Leaders are recognizing that company culture is central to everything from engagement to productivity, and affects companies both inside and out. A positive, attractive culture can be a marketing asset—a toxic one, a liability.

But a company’s culture is not a legacy institution, designed to withstand the forces of time and change like a beacon in the night. It must be an adaptive, organic reflection of the people who comprise the company, and the way they interact with the larger business environment. What made a company competitive, attractive, or successful just a few years ago won’t necessarily distinguish it tomorrow; similarly, the culture of a company can’t stagnate while the world moves around it.

Nurturing a healthy culture at work is not just a matter of explaining and reinforcing a static message to each worker. Fresh people, ideas, and projects rejuvenate companies—and, if management is open enough, culture can be refreshed as well. Allowing company culture to evolve along with work habits, personalities, and the industry isn’t a compromise, it is a survival strategy.

Values: Accommodate, Don’t Instill

Accounting for cultural values as the face of the modern workforce changes is a priority for successful managers. Millennials, Generations X and Y, and Baby Boomers are all carrying their own, generational sets of expectations, demands, and limitations to work with them. Trying to wring homogeneity from such an eclectic mix is not going to bring the team together and unite their respective visions of company culture.

Workers of all ages are much savvier than they often get credit for. Company manifestos, mission statements, and posters replete with pithy values and aphorisms can’t compete with the notions employees are already bringing with them to any job. Managers can’t necessarily impose the values they want on their teams; rather, they are learning to embrace the things employees subscribe to.

That is not to say management has no say in fostering a company’s value-focus. The important element here is being flexible with respect to the different voices in a company, rather than rigidly adhering to a particular, predetermined set of values. When interests align, emphasize it and create a teachable moment; when someone is missing from the equation, make sure they have a means to be heard. People want to express their values, not receive instruction in what their values ought to be.

Teams: Coordinate, Don’t Delegate

This one is trickier. Conventional wisdom says that the ability to delegate is a critical managerial talent—which is true. But what project managers are finding across industries is that setting specific tasks to teams assembly-line style may not be as effective as encouraging collaboration.

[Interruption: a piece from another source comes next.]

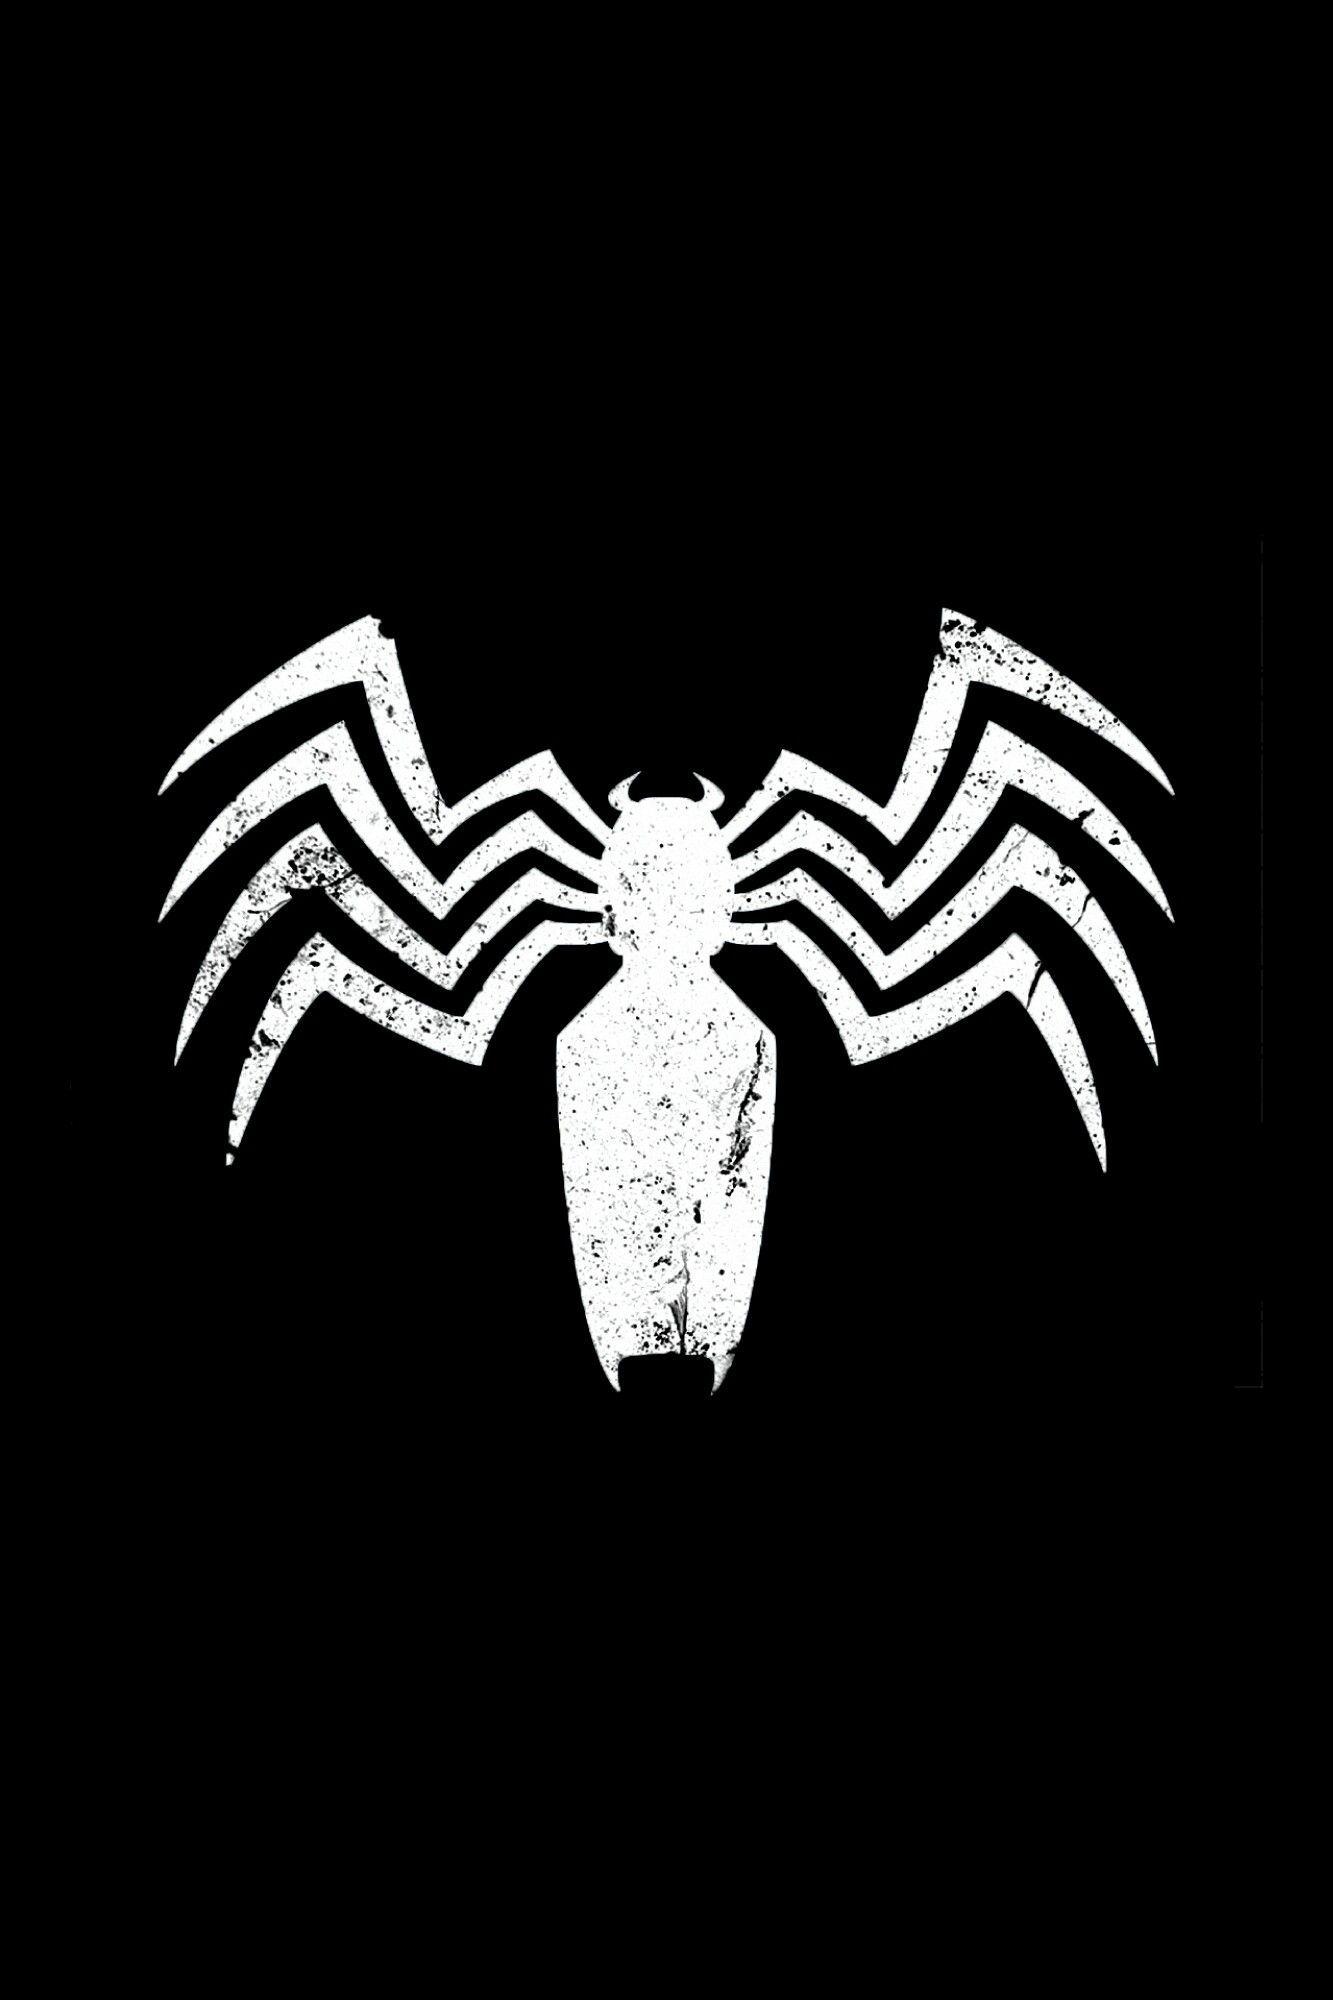 Spider-Man Venom Logo - Venom logo | The Amazing Spider-Man | Spiderman, Venom, Venom comics

Even in medicine, where roles, titles, and duties are assigned on the basis of specialization, experts are finding ways to improve outcomes by getting different players to think not just about their own needs and actions, but how they must interact to achieve a shared goal.

The University of Cincinnati’s Nursing School put this very idea to the test in a recent, multi-million dollar project in which medical students underwent collaborative cross-training, covering both the mental and physical aspects of care, as well as breaking technology and best practices associated with comprehensive care. By instilling a sense of inter-professional awareness, both caregivers and patients experienced more success, a greater sense of team accomplishment, and a heightened awareness of the field in which they operate.

What this lesson shows is that although specialized skills warrant specialized task delegation, workers perform better when they understand and witness how their work interacts with others’. Cross-training and collaborative engagement between different teams, departments, and even projects all creates a heightened sense of awareness and sense of community. Projects are holistic, even if the requisite tasks can be isolated, and workers benefit from exposure to everyone’s efforts, not just their own.

The speed of change in all sectors has devalued planning skills in management; what the world really needs is people who can adapt. Leading organizations is synonymous with managing change, and project managers exemplify how to stay adept and responsive in a chaotic environment. Once you see your organization as a work in progress, you are ready to start managing it another as another project.